---------- Exercise data ----------

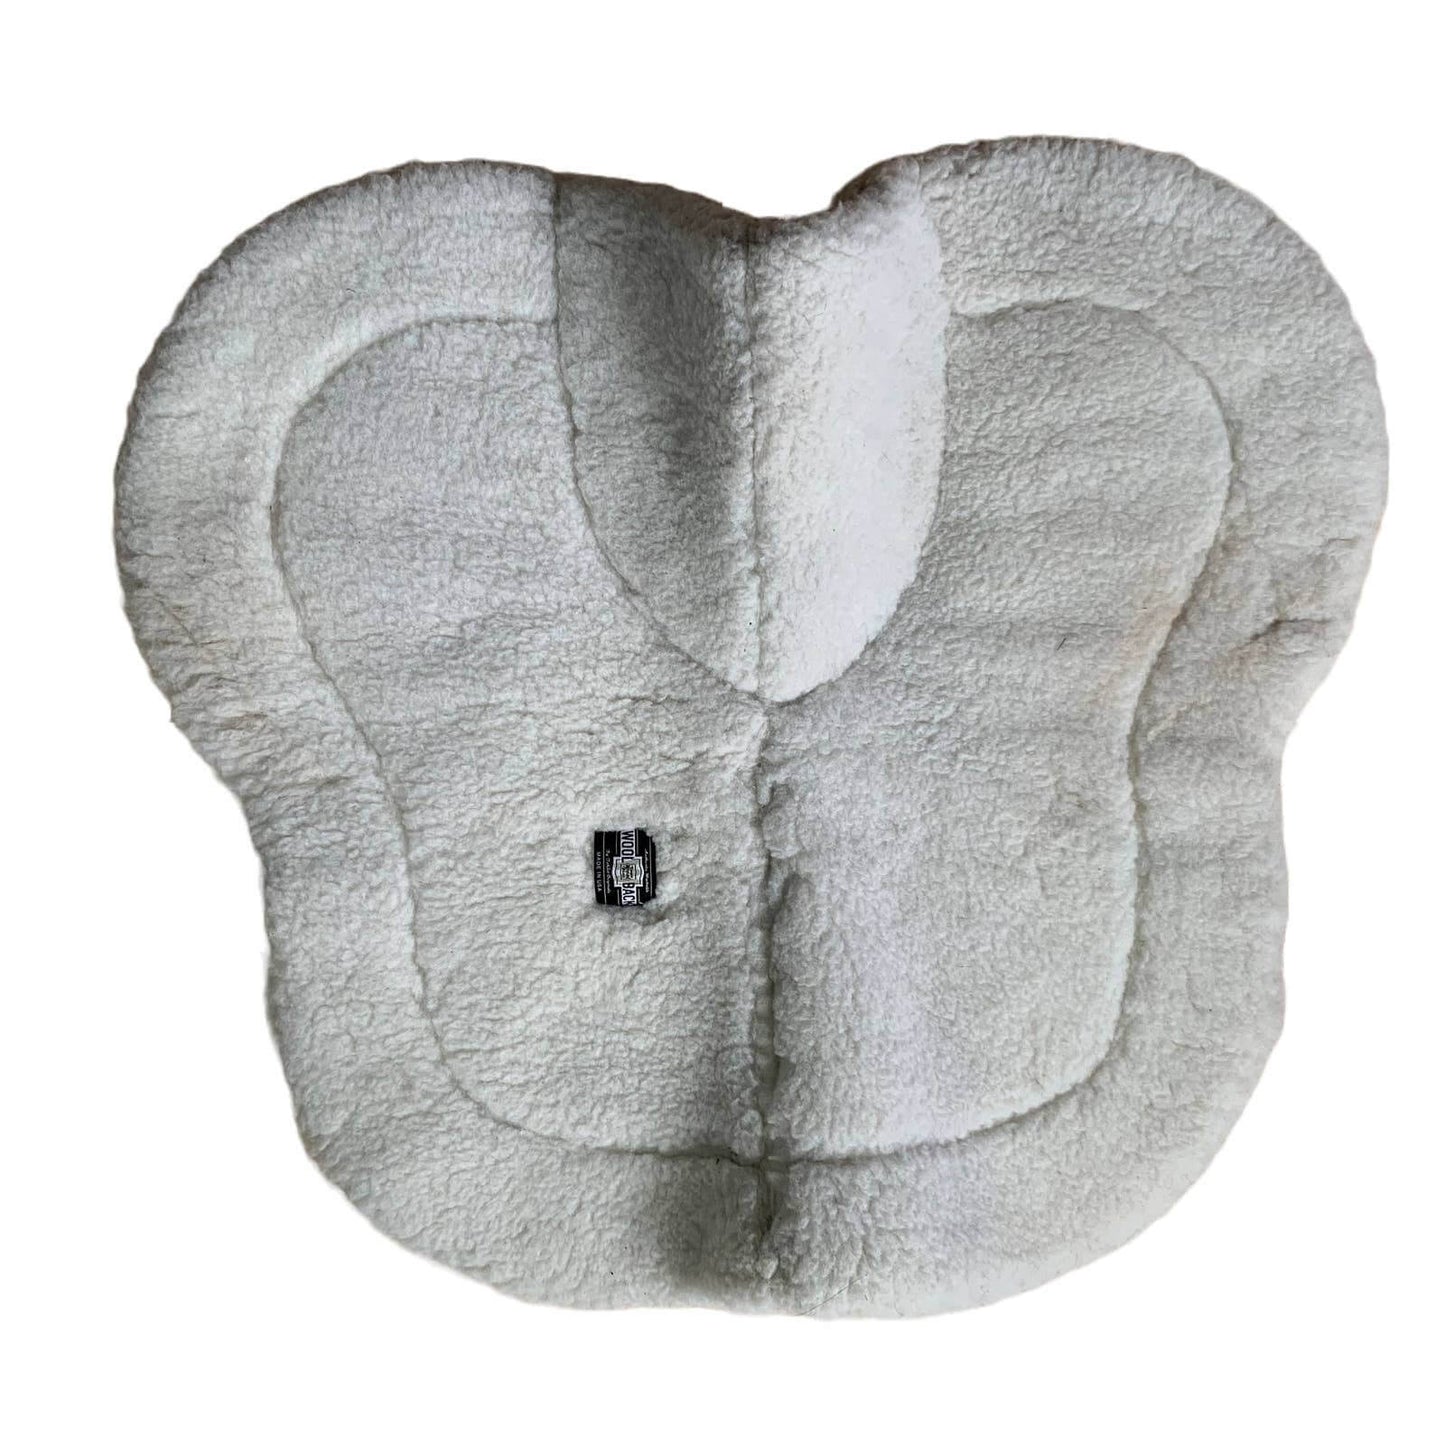 Toklat 'WoolBack CoolBack' High Profile Barrel Pad in White - Horse
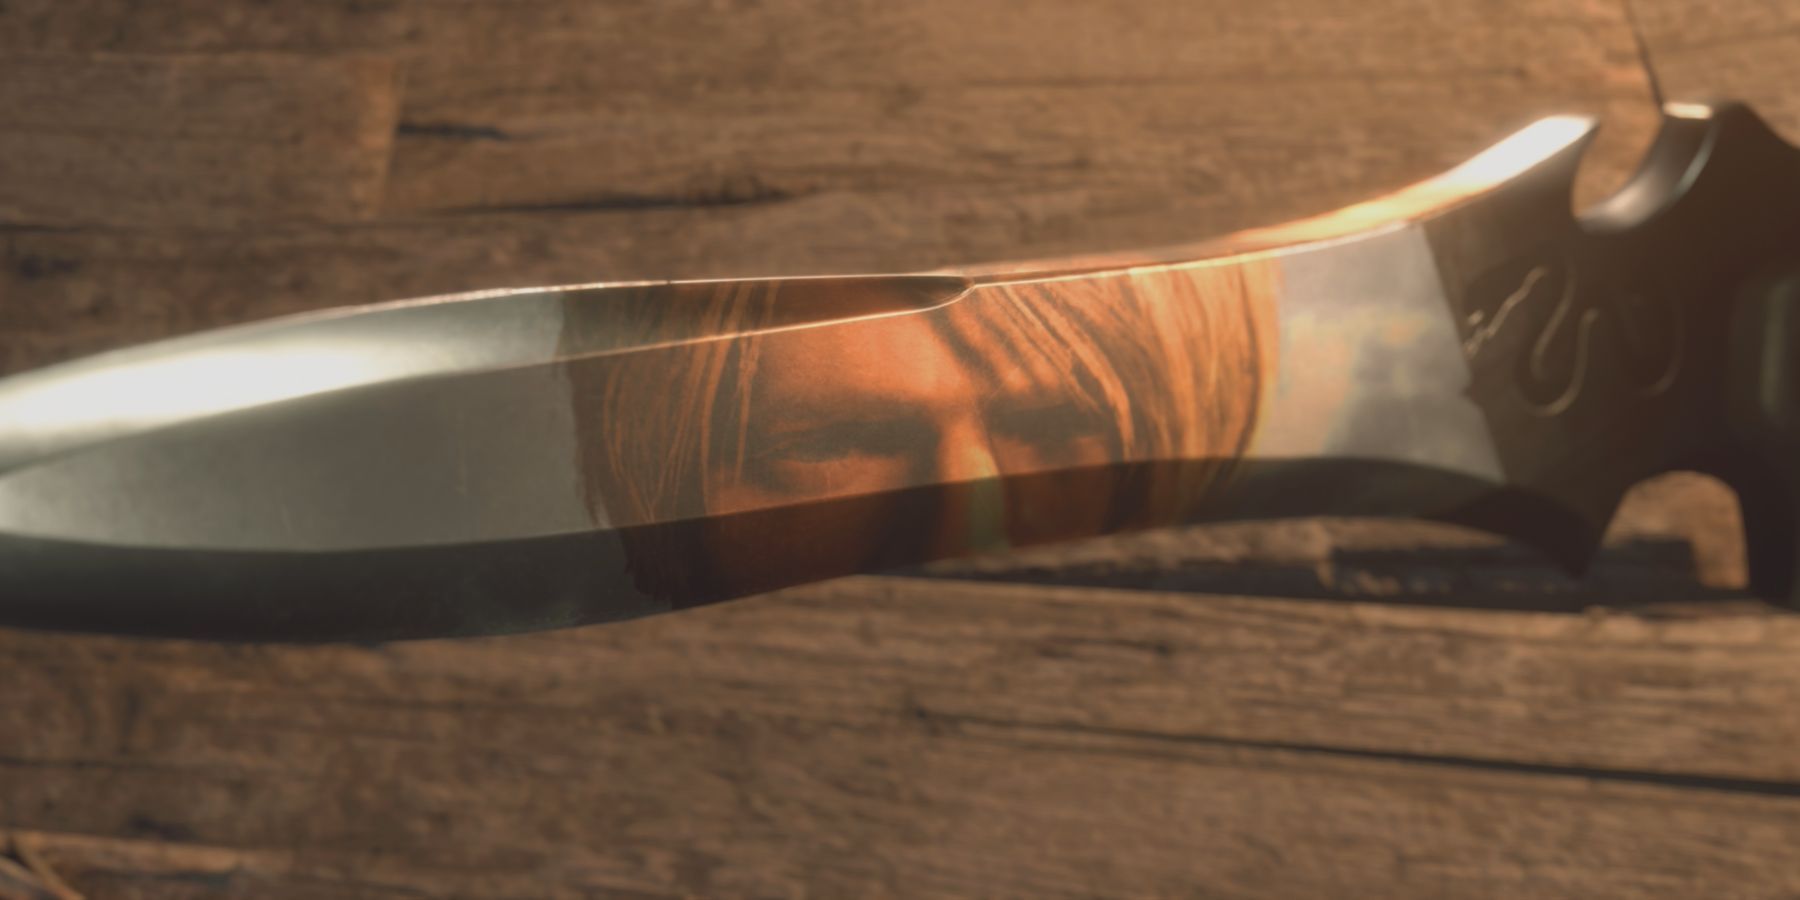 I want to buy a replica of Jack Krauser's knife from Resident Evil 4's  remake, but I'm really confused with some shady things : r/SWORDS
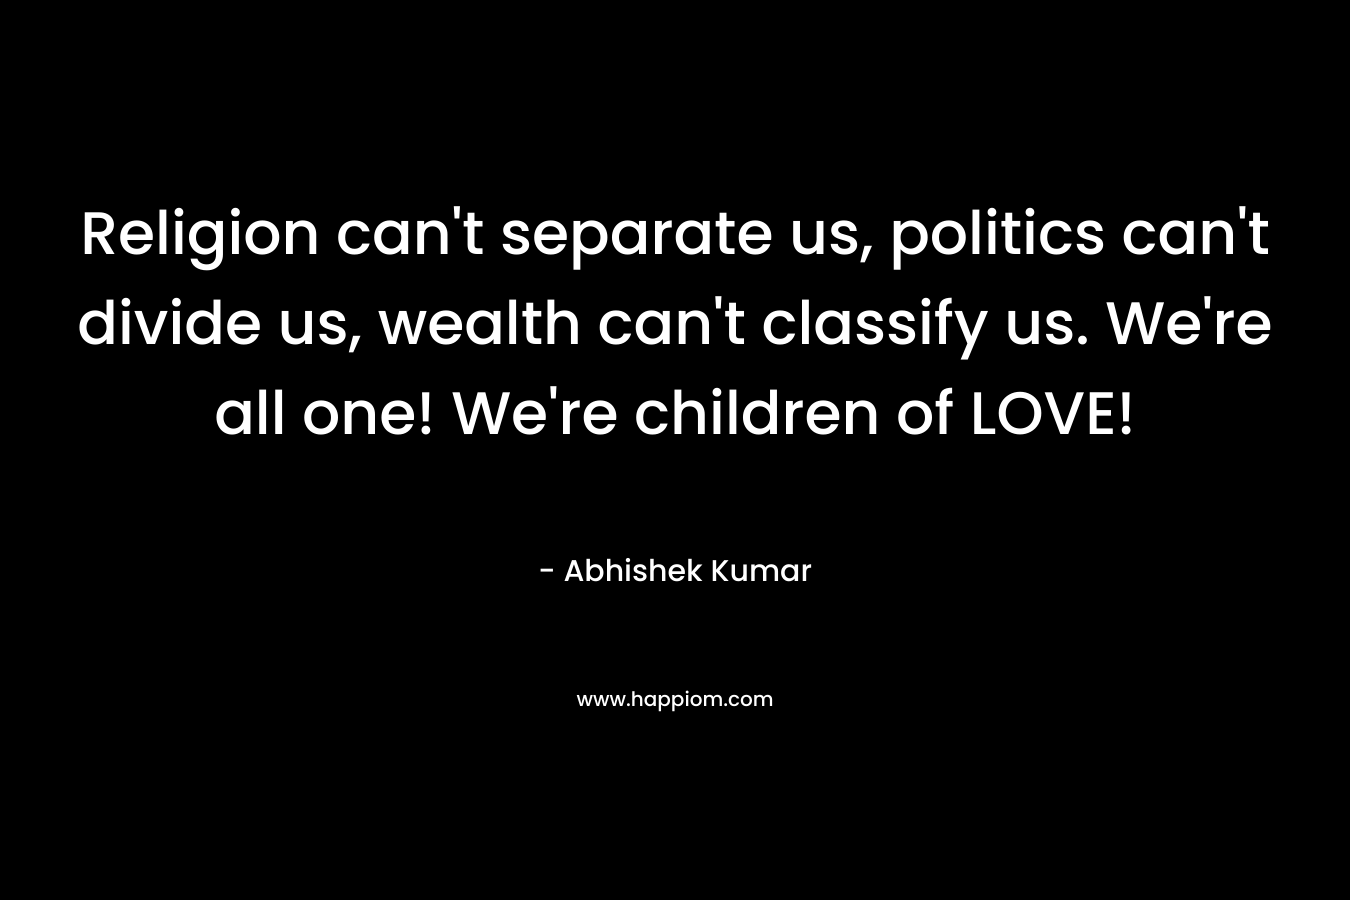 Religion can't separate us, politics can't divide us, wealth can't classify us. We're all one! We're children of LOVE!
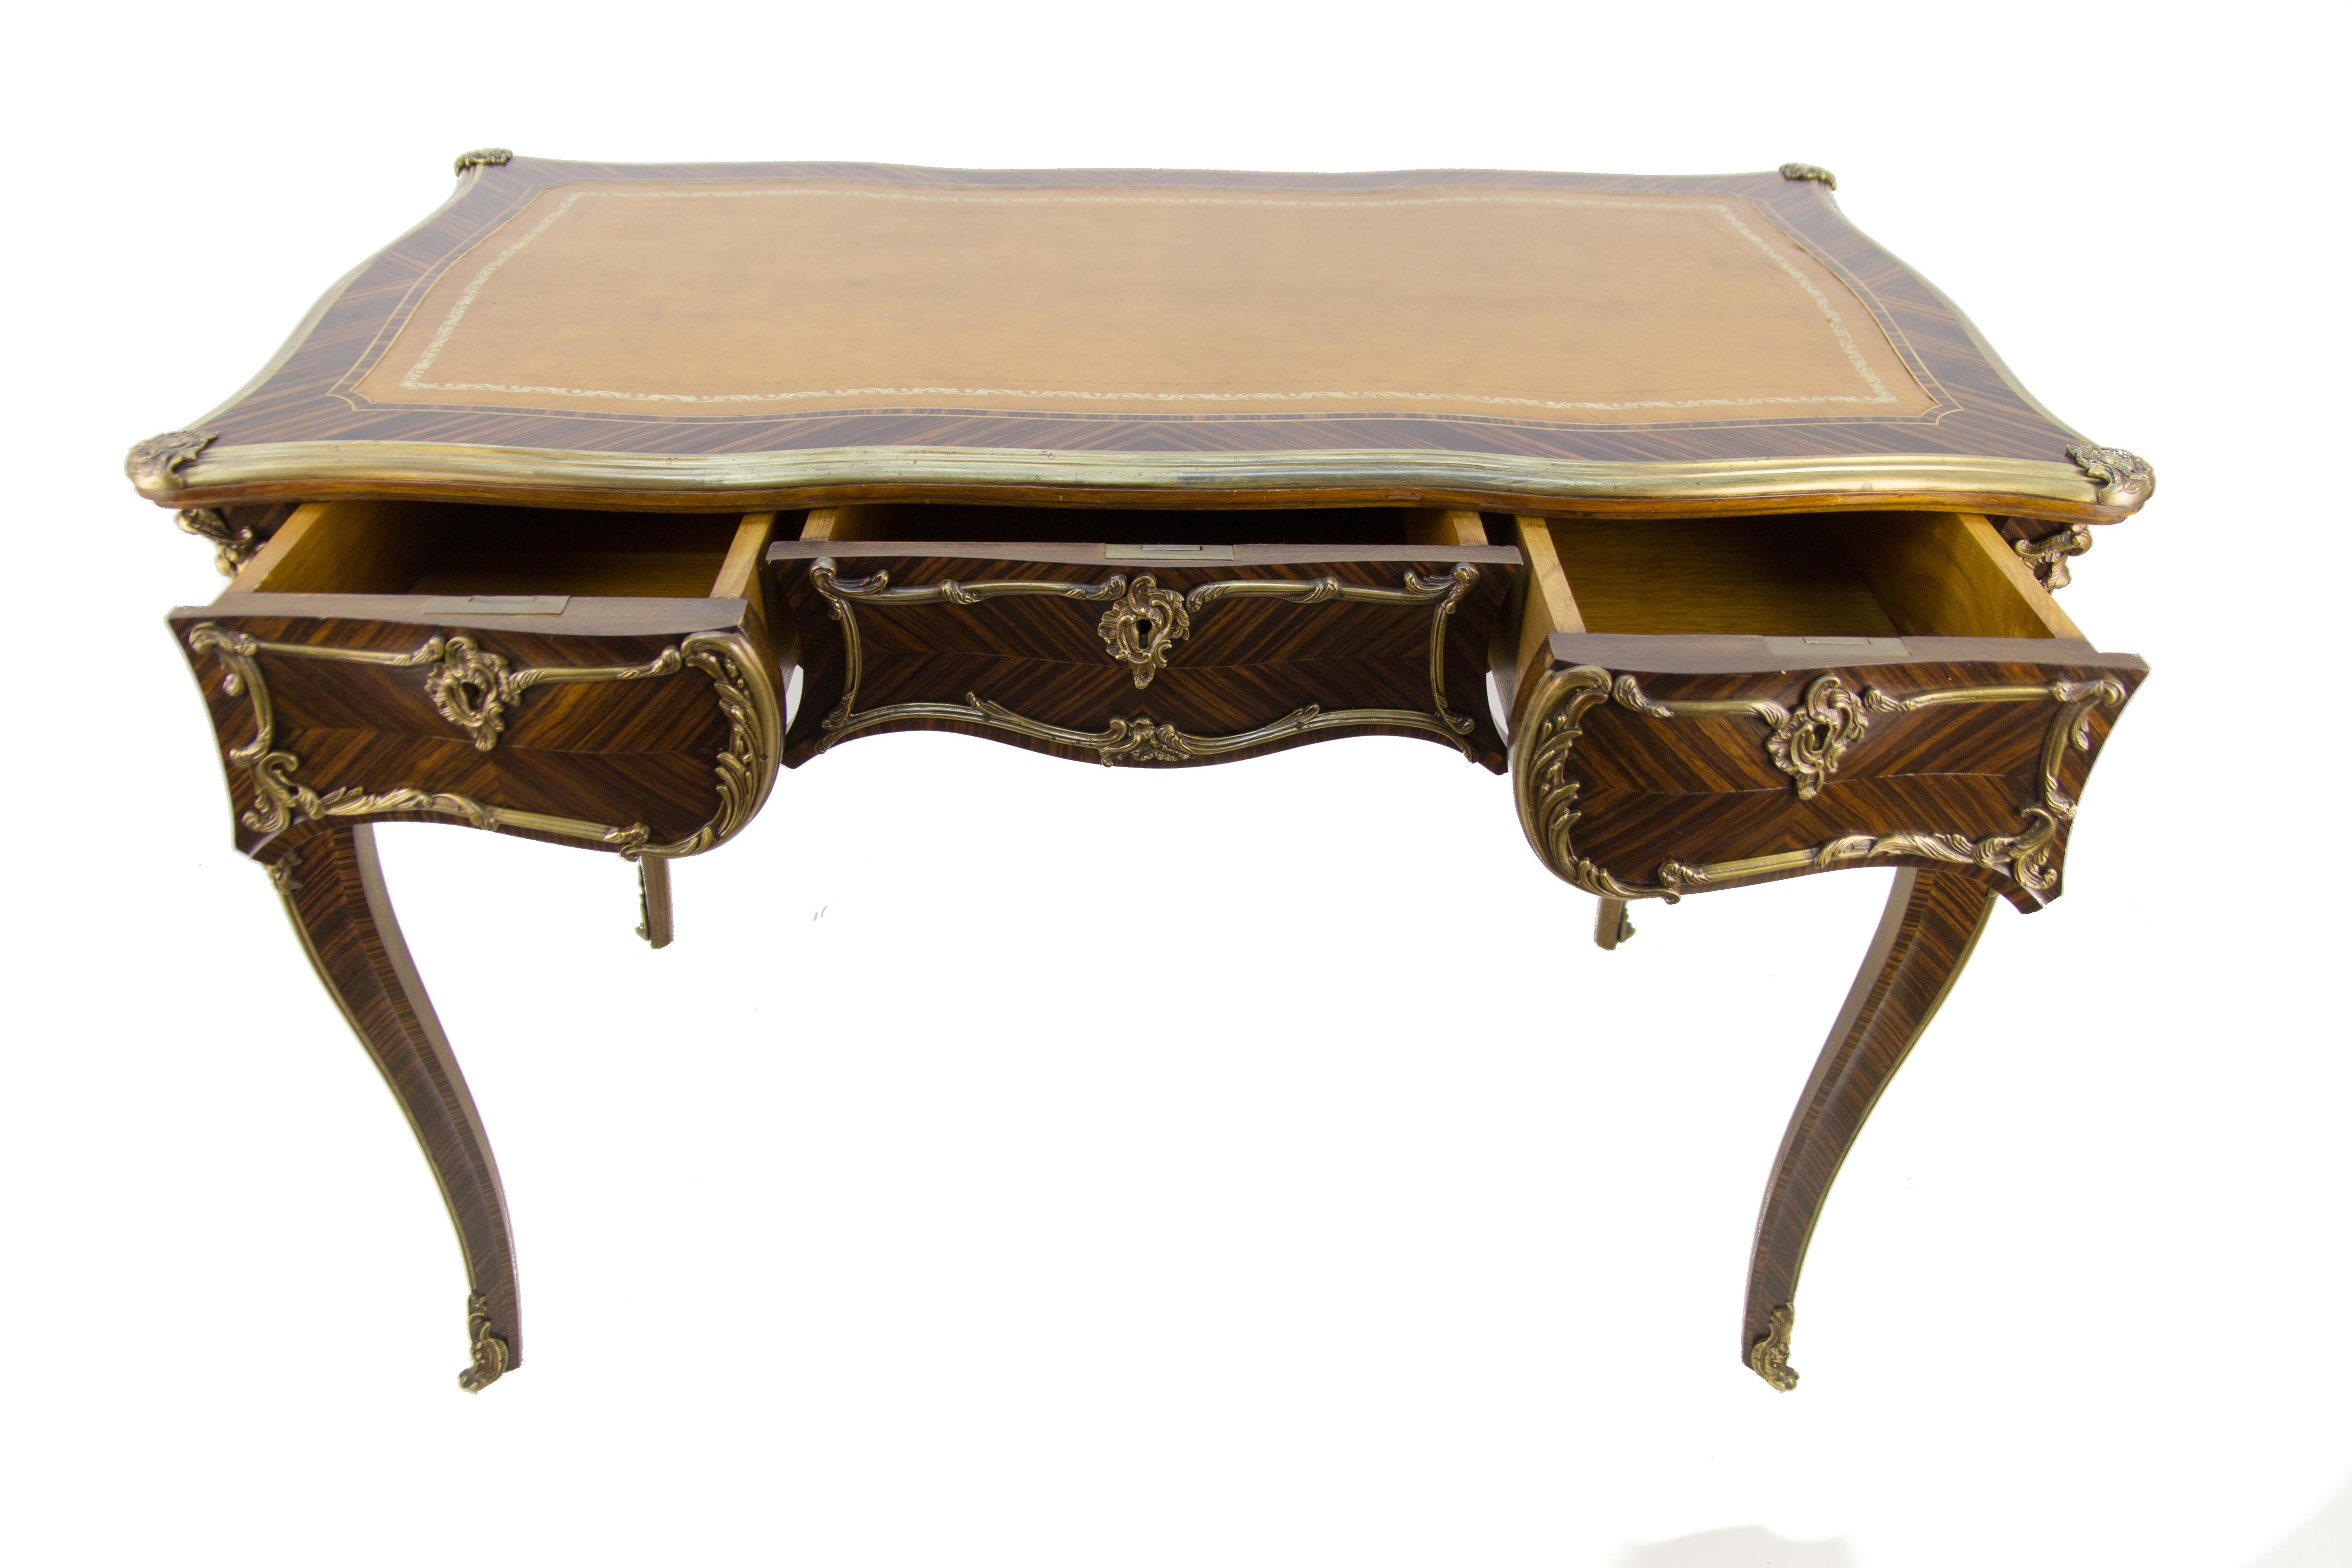 This fine Louis XV-style desk has a leather top framed by bronze borders. The writing desk is raised on cabriole legs headed by floral and leaf cast mounts that have finely finished walnut veneer on all sides. The desk is fitted with three drawers

----------

**Work required:**
Once the line containing "I want to buy" has been copied, stop; everything from the first line of the data up to it must be copied exactly, without pictures.

**Your solution:**
 Toklat 'WoolBack CoolBack' High Profile Barrel Pad in White - Horse
 I want to buy a replica of Jack Krauser's knife from Resident Evil 4's  remake, but I'm really confused with some shady things : r/SWORDS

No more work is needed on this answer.